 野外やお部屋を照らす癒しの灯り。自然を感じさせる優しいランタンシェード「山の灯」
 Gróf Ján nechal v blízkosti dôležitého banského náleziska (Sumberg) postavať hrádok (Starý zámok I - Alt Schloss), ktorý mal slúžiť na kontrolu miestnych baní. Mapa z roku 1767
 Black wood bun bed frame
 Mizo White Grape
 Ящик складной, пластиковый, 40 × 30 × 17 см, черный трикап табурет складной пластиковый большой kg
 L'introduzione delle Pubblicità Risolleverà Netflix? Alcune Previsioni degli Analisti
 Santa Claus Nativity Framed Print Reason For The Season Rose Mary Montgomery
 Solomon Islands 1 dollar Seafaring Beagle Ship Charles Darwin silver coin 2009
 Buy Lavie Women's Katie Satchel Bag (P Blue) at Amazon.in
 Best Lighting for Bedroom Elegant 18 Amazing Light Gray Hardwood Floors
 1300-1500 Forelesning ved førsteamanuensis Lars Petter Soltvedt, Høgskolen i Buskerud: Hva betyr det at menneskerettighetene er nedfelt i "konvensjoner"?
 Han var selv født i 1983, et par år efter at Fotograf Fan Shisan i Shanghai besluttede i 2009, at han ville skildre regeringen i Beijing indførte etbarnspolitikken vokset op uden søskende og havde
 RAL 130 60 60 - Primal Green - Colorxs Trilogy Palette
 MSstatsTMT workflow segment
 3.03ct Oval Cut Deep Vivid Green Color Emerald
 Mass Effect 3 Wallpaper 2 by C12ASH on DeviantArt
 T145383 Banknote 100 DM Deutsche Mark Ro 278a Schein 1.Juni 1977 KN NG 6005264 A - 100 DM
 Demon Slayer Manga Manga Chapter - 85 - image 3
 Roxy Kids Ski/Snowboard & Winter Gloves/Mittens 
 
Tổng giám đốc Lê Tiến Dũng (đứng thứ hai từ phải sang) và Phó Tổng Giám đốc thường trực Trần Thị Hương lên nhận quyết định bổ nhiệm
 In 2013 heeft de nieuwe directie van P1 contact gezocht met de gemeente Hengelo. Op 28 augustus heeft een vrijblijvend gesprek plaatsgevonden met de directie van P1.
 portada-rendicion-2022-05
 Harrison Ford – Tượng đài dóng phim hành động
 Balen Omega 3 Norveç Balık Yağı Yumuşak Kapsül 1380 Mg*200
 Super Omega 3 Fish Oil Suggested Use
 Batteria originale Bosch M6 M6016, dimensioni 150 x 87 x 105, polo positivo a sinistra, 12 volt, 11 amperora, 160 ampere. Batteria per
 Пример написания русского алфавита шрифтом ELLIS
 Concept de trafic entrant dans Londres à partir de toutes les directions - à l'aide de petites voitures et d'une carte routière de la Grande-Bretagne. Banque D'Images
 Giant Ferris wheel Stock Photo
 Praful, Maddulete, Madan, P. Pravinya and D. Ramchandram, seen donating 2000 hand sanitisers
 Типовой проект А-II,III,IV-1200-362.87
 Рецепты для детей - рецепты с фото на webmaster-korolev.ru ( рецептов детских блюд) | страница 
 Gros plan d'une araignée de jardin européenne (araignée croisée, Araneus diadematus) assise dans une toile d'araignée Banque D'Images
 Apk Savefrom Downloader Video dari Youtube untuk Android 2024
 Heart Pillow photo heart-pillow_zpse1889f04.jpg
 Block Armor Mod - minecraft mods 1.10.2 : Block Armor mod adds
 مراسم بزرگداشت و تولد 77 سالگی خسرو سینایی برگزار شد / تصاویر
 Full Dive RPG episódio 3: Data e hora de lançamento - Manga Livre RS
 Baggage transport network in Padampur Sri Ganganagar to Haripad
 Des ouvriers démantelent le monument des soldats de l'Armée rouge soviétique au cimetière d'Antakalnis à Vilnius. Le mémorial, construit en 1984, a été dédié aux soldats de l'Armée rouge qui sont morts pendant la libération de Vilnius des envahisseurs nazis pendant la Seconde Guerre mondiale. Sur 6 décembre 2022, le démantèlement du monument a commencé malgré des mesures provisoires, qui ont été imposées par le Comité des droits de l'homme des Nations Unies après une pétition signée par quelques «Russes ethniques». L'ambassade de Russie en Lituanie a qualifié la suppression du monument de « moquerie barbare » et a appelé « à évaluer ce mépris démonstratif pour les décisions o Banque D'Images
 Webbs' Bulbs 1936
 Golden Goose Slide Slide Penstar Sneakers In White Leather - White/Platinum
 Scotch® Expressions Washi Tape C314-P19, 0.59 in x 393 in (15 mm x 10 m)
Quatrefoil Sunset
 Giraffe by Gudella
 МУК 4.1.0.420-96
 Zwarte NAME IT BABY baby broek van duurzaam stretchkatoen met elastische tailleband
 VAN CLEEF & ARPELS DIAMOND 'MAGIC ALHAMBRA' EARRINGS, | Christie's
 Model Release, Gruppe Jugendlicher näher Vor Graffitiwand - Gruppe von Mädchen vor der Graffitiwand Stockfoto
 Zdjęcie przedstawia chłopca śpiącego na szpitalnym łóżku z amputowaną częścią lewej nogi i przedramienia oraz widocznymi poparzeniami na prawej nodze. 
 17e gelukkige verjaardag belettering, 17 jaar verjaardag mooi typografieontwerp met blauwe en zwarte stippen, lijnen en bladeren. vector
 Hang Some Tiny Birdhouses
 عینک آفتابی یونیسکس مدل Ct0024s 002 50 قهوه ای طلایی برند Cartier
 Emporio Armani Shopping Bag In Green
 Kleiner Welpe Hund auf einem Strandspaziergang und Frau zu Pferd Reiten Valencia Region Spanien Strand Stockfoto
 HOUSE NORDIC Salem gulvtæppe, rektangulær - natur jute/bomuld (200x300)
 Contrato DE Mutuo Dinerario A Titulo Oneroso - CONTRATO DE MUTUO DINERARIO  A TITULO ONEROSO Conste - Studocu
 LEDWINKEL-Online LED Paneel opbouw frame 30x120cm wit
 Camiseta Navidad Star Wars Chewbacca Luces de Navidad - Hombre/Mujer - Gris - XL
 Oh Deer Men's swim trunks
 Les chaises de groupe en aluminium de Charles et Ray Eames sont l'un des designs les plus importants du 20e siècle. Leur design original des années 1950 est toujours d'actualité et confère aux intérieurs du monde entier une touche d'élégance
☆ ☆ ☆ ☆ ☆
→ AIM OF THE TASK: Please give again the lines above between the line holding "Buy Lavie Women's" and the line holding "Han var selv", inclusive, exactly as they are and with nothing added.

→ RESPONSE TO THIS TASK:
 Buy Lavie Women's Katie Satchel Bag (P Blue) at Amazon.in
 Best Lighting for Bedroom Elegant 18 Amazing Light Gray Hardwood Floors
 1300-1500 Forelesning ved førsteamanuensis Lars Petter Soltvedt, Høgskolen i Buskerud: Hva betyr det at menneskerettighetene er nedfelt i "konvensjoner"?
 Han var selv født i 1983, et par år efter at Fotograf Fan Shisan i Shanghai besluttede i 2009, at han ville skildre regeringen i Beijing indførte etbarnspolitikken vokset op uden søskende og havde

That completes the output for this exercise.